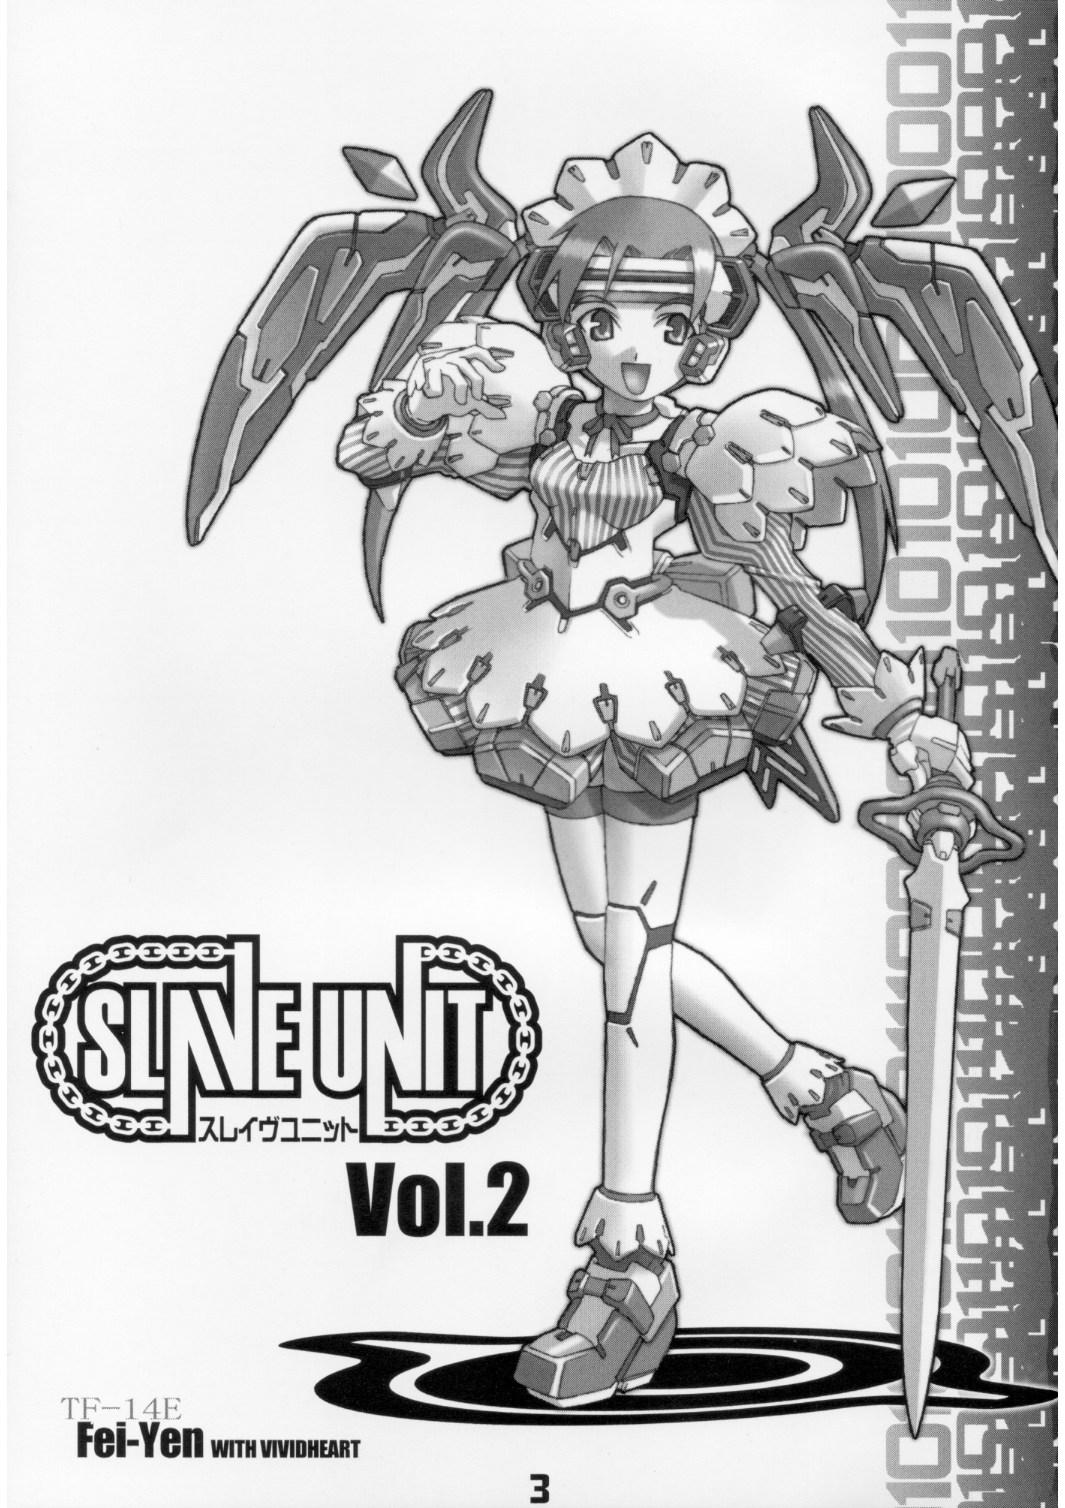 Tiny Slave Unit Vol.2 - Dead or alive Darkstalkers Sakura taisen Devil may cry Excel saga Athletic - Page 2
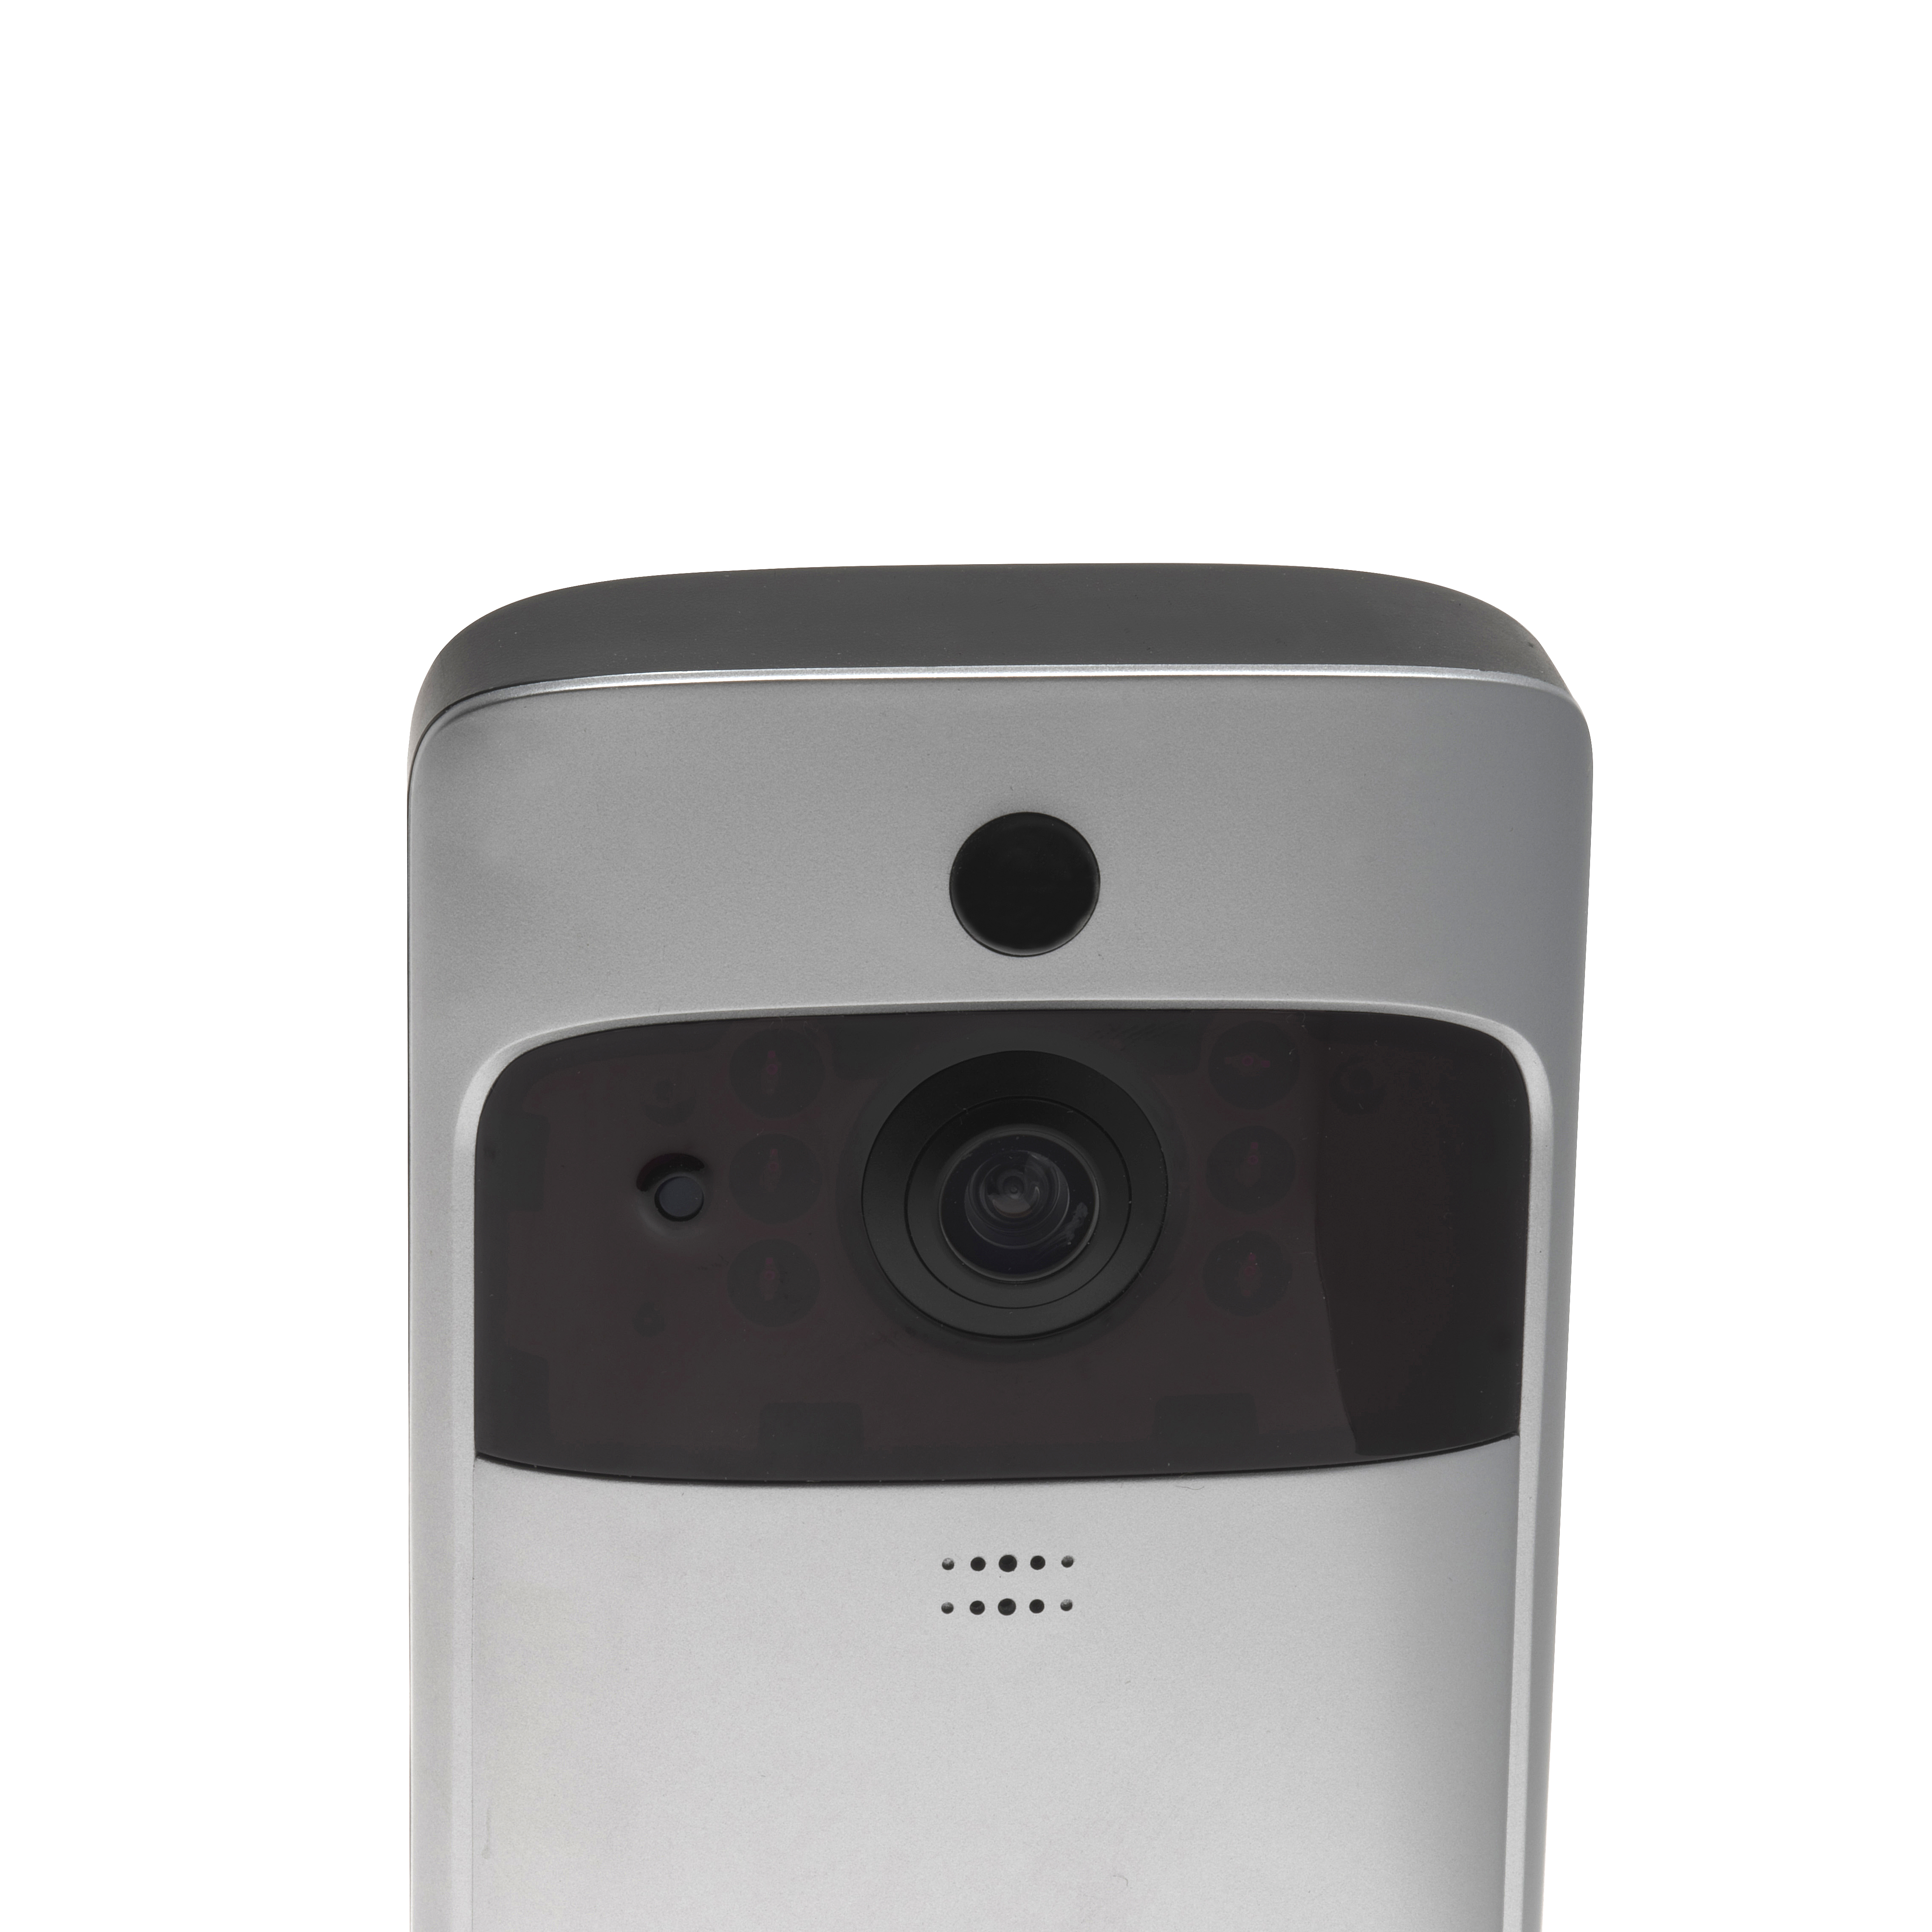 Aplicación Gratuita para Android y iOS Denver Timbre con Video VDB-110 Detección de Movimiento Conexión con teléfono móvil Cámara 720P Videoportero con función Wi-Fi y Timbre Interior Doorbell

★ ★ ★ ★ ★ ★ ★

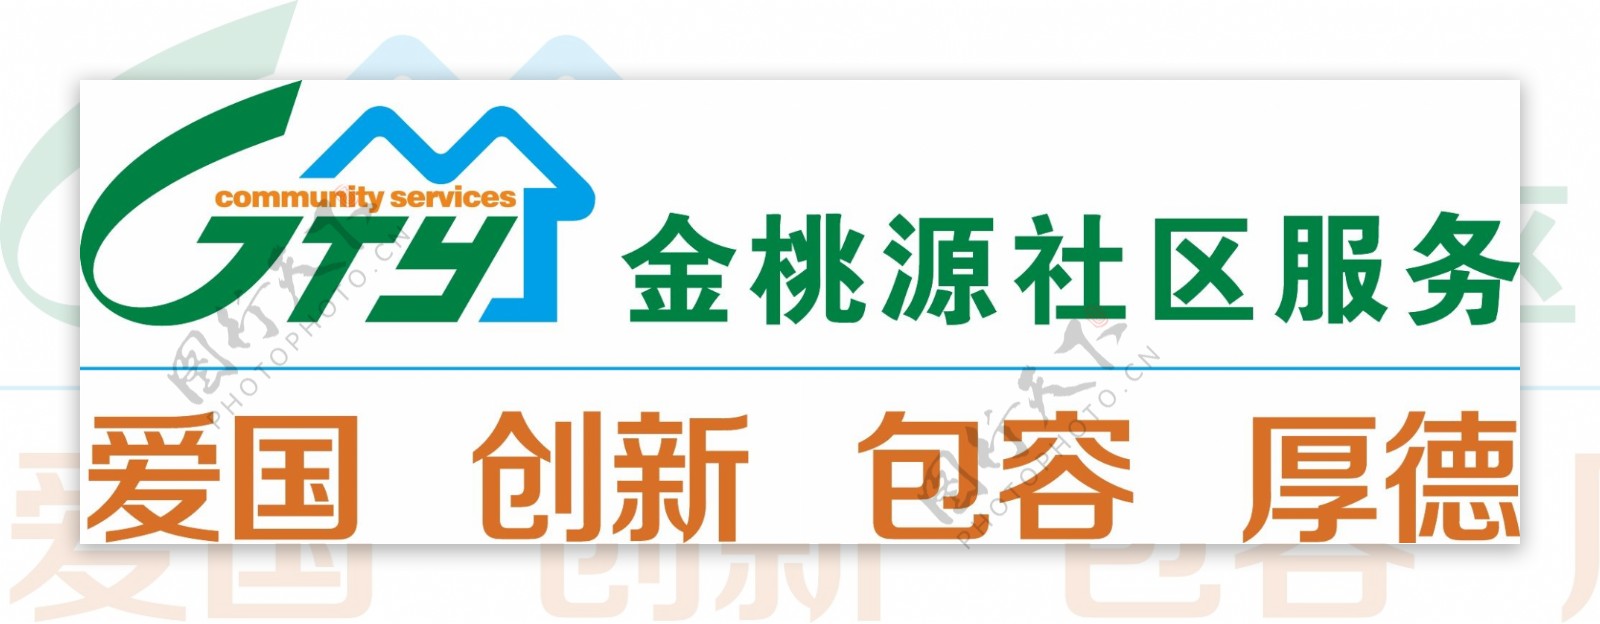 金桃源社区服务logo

★ ★ ★ ★ ★ ★ ★

The copy should hold exactly the lines above from the one with "Tiny Slave Unit" through the one with "Aplicación Gratuita para", both ends counted, and no pictures at all.

 Tiny Slave Unit Vol.2 - Dead or alive Darkstalkers Sakura taisen Devil may cry Excel saga Athletic - Page 2
 Aplicación Gratuita para Android y iOS Denver Timbre con Video VDB-110 Detección de Movimiento Conexión con teléfono móvil Cámara 720P Videoportero con función Wi-Fi y Timbre Interior Doorbell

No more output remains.